Abstract
Introduction
Patients with psoriasis and psoriatic arthritis (PsA) have metabolic disturbances, which may be due to chronic inflammation.
Aim
Because interleukin-6 (IL-6) regulates both metabolic and inflammatory processes, we evaluated IL-6 as a potential marker of inflammation and metabolic disturbances in psoriasis.
Material and methods
This study involved 93 patients with psoriasis, including 31 patients with concurrent PsA. We investigated whether serum markers of lipid metabolism and inflammation, including IL-6, were related to each other and to disease activity.
Results
We found that concurrent PsA was associated with higher serum concentrations of total cholesterol (TC), low-density lipoprotein cholesterol (LDL-C), and IL-6. In patients with psoriasis alone, the IL-6 serum concentration correlated positively with the concentrations of TC and LDL-c and with erythrocyte sedimentation rates (ESRs). Moreover, IL-6 concentrations tended to correlate positively with the percentage of the body area affected by psoriatic lesions. Among all patients, those with normal blood lipids had lower ESRs and IL-6 concentrations than patients with abnormal blood lipids. A logistic regression model showed that PsA, Psoriasis Area Severity Index (PASI), and ESR were significant predictors of the serum IL-6 concentration.
Conclusions
Interleukin-6 may be an indicator of inflammatory activity in psoriasis. Moreover, IL-6 may be related to lipid abnormalities in patients with this disease.

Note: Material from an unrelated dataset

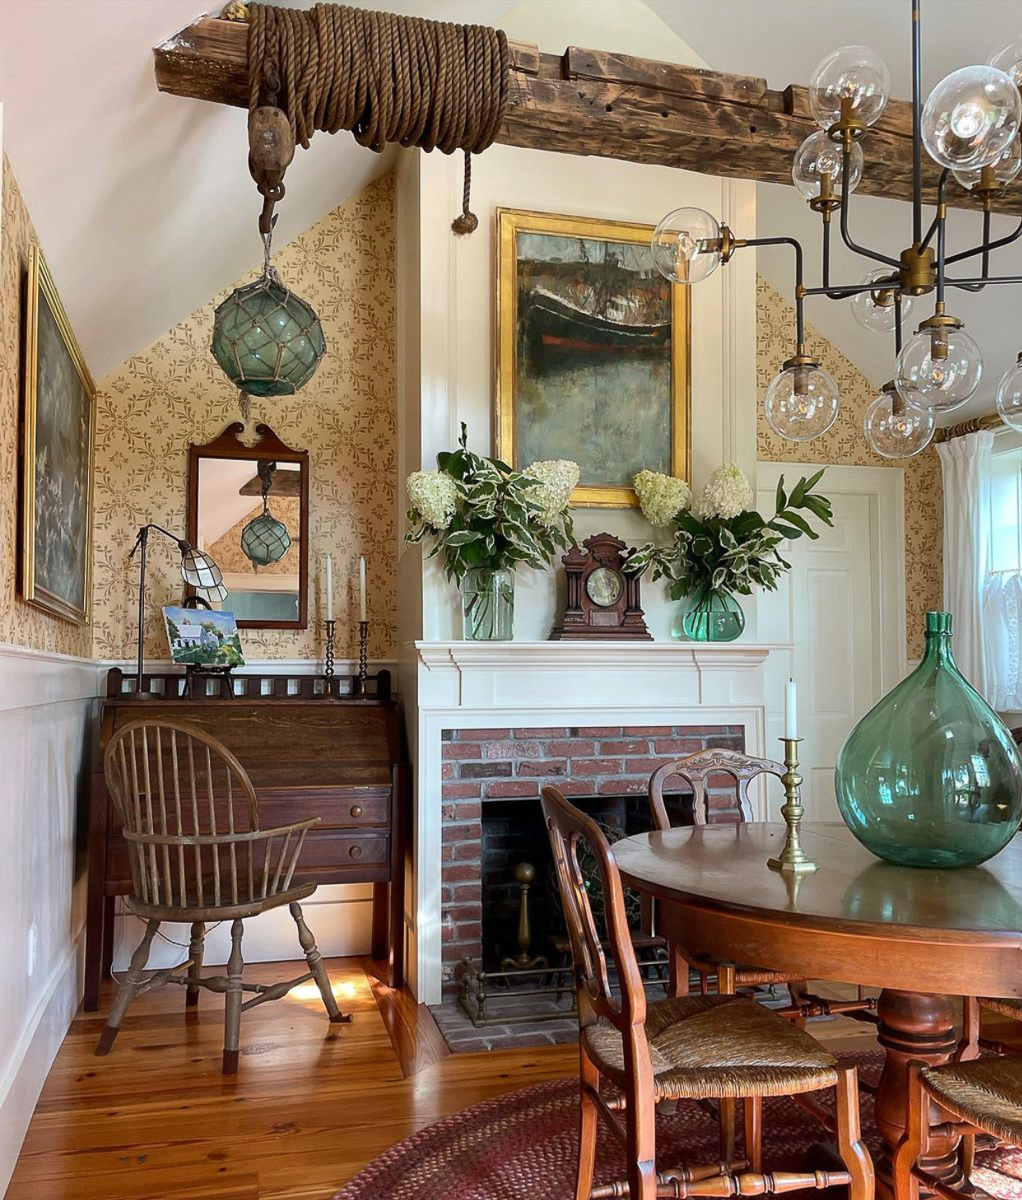 Eclectic Home Tour - The Groggy Anchor - tour this charming early 1800's seaside cottage filled with antiques and nautical inspiration

Keywords: psoriasis, psoriatic arthritis, serum interleukin 6, lipids
Introduction
In psoriasis, chronic inflammation stimulates the proliferation of cells in the skin, which leads to the development of psoriatic plaques. In about one-third of patients with psoriasis, the disease causes also joint inflammation, typically in the finger and toe joints as well as enthesitis [1]. Moreover, chronic inflammation in psoriasis is associated with metabolic disturbances, such as dyslipidemia [2].

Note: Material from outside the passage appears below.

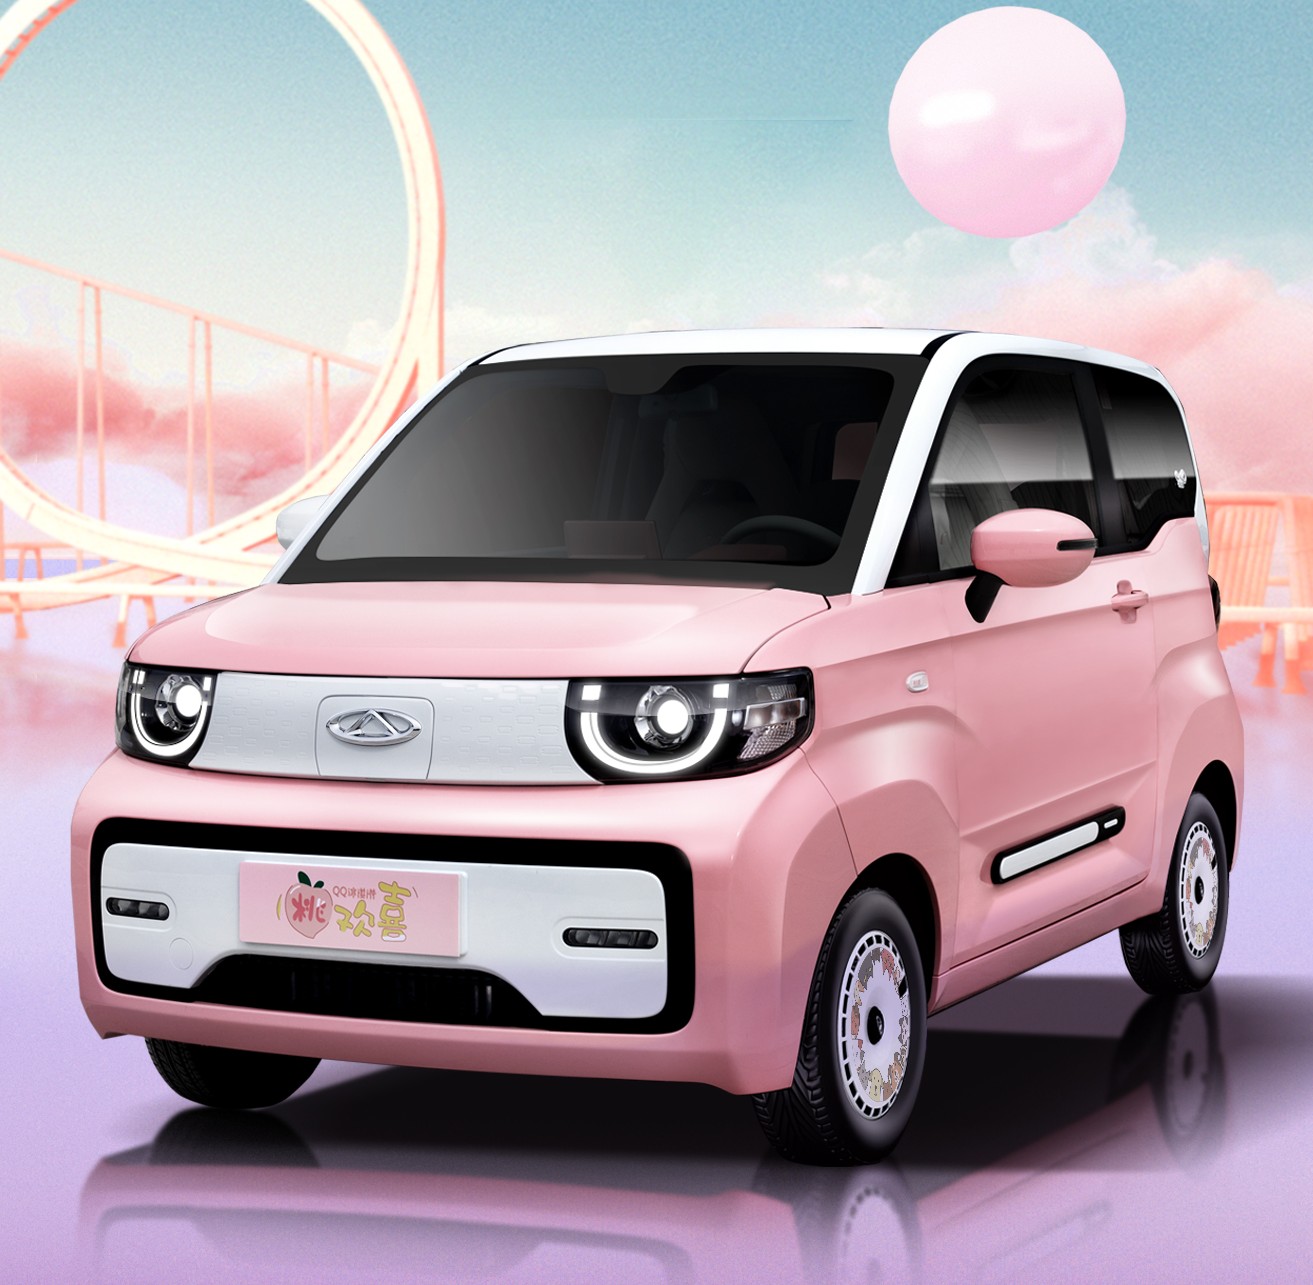 Hi Chinese Lady, Would You Like To Have A QQ Ice Cream Joyous Peach As Your Car? Chery Thinks You Do.

Interleukin 6 (IL-6) is a cytokine with both pro- and anti-inflammatory properties, and it is implicated in the growth and differentiation of epidermal and dermal cells [3, 4]. Thus, it might be important in the pathogenesis of psoriasis. Indeed, in psoriatic lesions, IL-6 is produced by both inflammatory cells, such as monocytes, dendritic cells, macrophages, and Th17 cells, and by endothelial cells, skin fibroblasts, and keratinocytes [5, 6]. Moreover, the epidermis, fibroblasts, suction blister fluid, and keratinocytes in psoriatic lesions have an increased expression of IL-6 and the IL-6 receptor [3, 7]. Interestingly, IL-6 production is induced by external trauma, which might explain the Koebner’s response in patients with psoriasis, i.e. the appearance of skin lesions after skin trauma [3, 4]. Most previous studies have reported increased serum IL-6 concentrations in patients with psoriasis, particularly in those with active disease [3, 6–15]. The concentration of IL-6 in serum might be related to the severity of both psoriatic skin lesions and joint involvement. This may be because IL-6 promotes inflammatory cell infiltration in the synovium and synovial hyperplasia [8]. Moreover, IL-6 causes bone resorption, via osteoclast stimulation, and cartilage degeneration, due to the stimulation of matrix metalloproteinases in the synovium and cartilage [16–18].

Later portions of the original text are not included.